Opinion: 2026 may迎 "Crypto Winter," but institutionalization and on-chain transformation are accelerating

On December 29, Cantor Fitzgerald stated in its latest year-end report that Bitcoin may be entering a multi-month downtrend cycle, and the market could be ahead of schedule in entering the “crypto winter” of 2026. Analyst Brett Knoblauch believes that Bitcoin has fallen approximately 85 days from its recent high, and the price may continue to face pressure, potentially testing the Strategy’s average cost line of around $75,000. However, unlike previous cycles, this downturn is unlikely to be accompanied by large-scale liquidations or systemic crashes. Cantor pointed out that the current market is dominated by institutions rather than retail investors, and the “divergence” between token prices and on-chain fundamentals is widening, especially in the areas of DeFi, tokenized assets, and crypto infrastructure.
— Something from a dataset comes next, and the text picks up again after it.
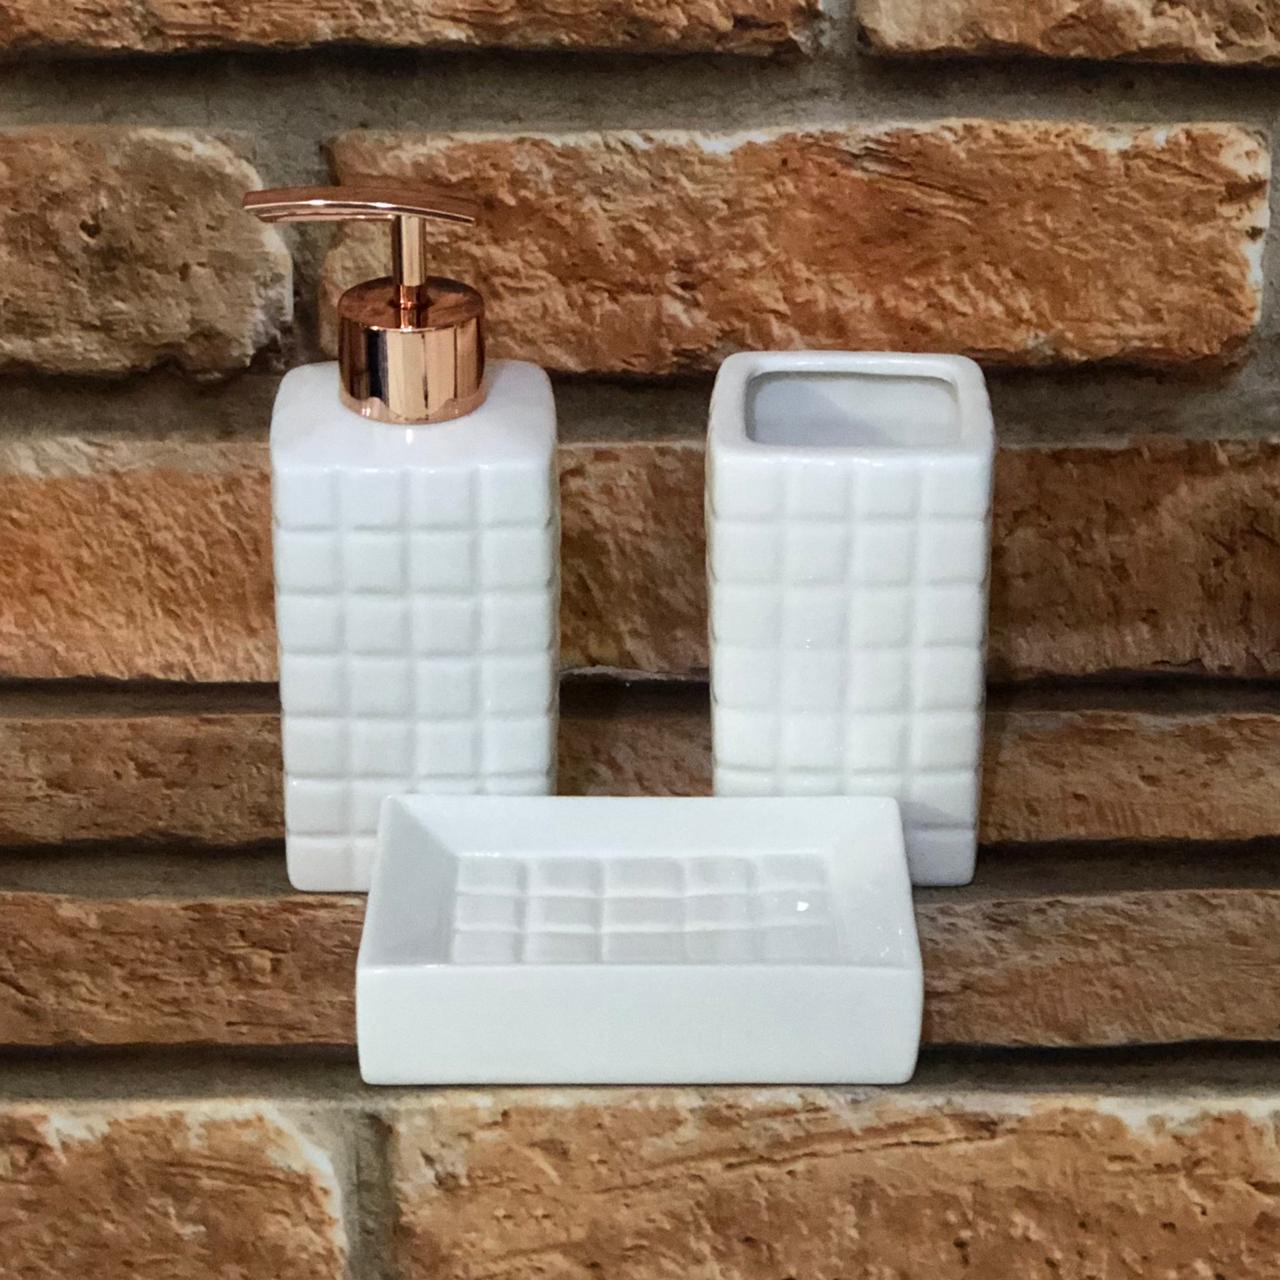 Kit de Banheiro 3 peças de Porcelana Branco Quadriculado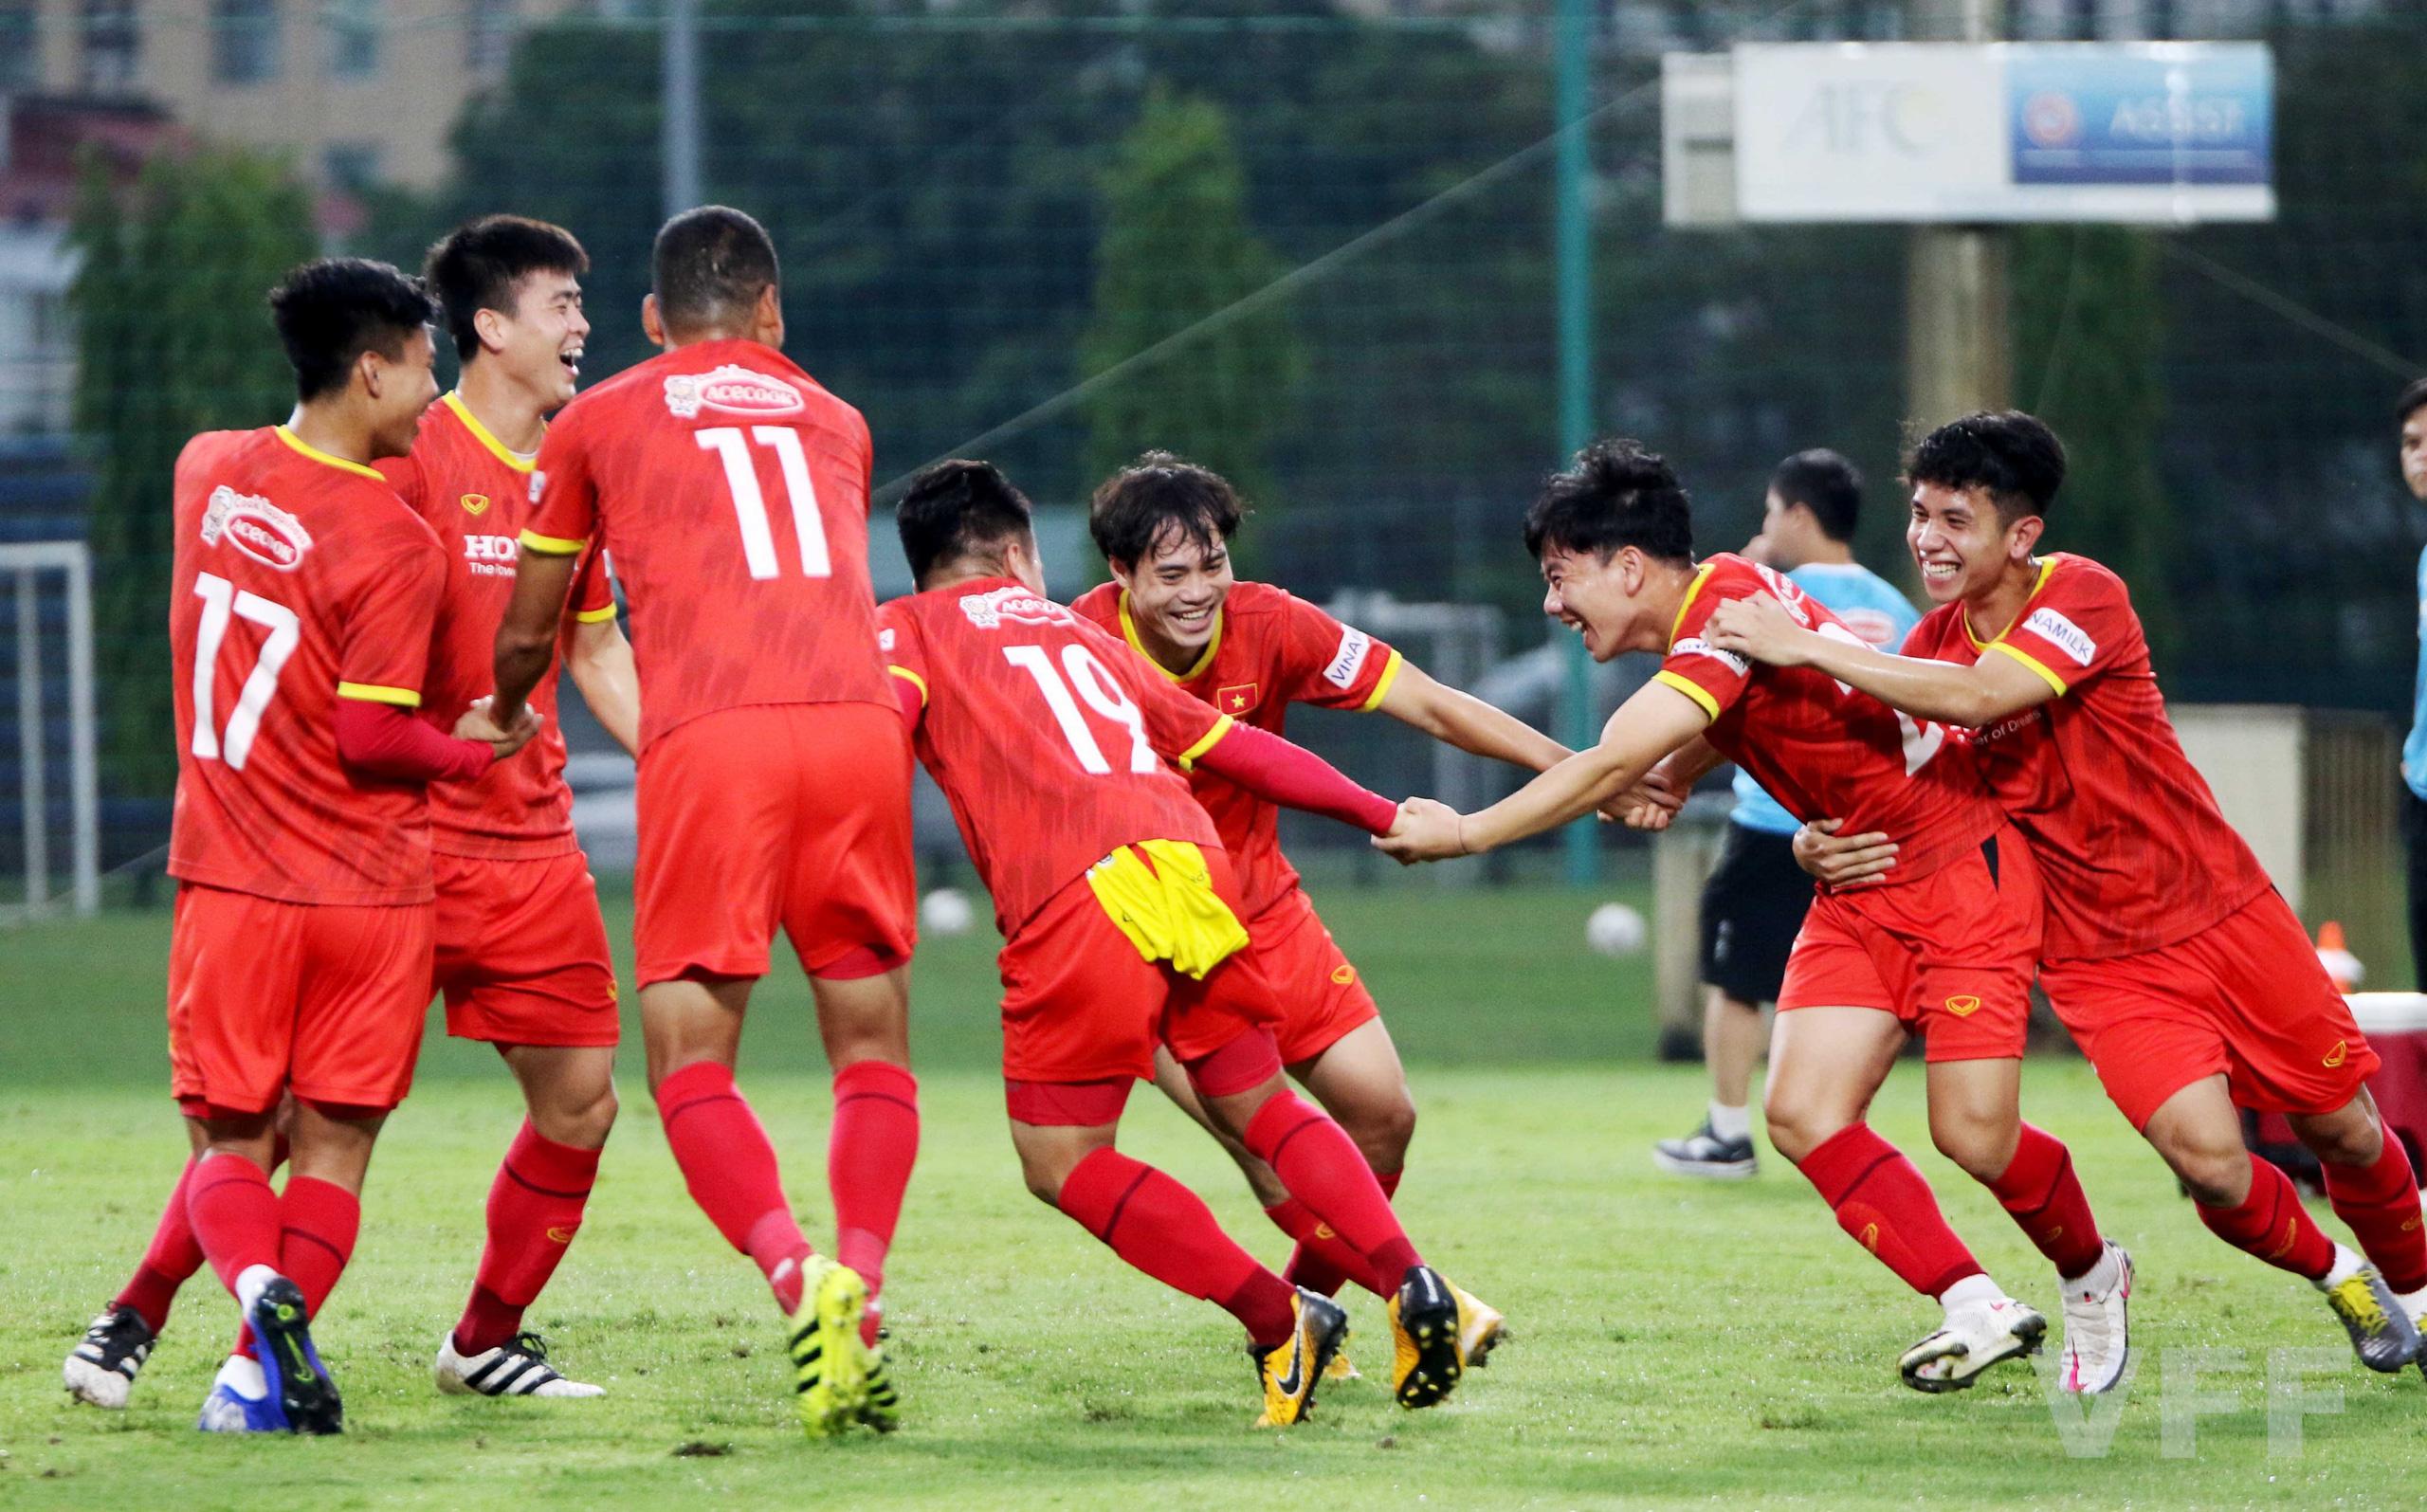 """HLV Park Hang-seo """"làm xiếc"""" với bóng khiến học trò ngỡ ngàng! - Ảnh 9."""

On the regulatory front, the passage of the U.S. Digital Asset Market Clarity Act is seen as a key turning point, which could reduce policy uncertainty and encourage banks and asset management firms to participate more deeply in the crypto market. Cantor summarized that although 2026 may not usher in a new bull market, the institutionalization, compliance pathways, and on-chain infrastructure of the crypto industry are gradually being solidified alongside the cooling of prices.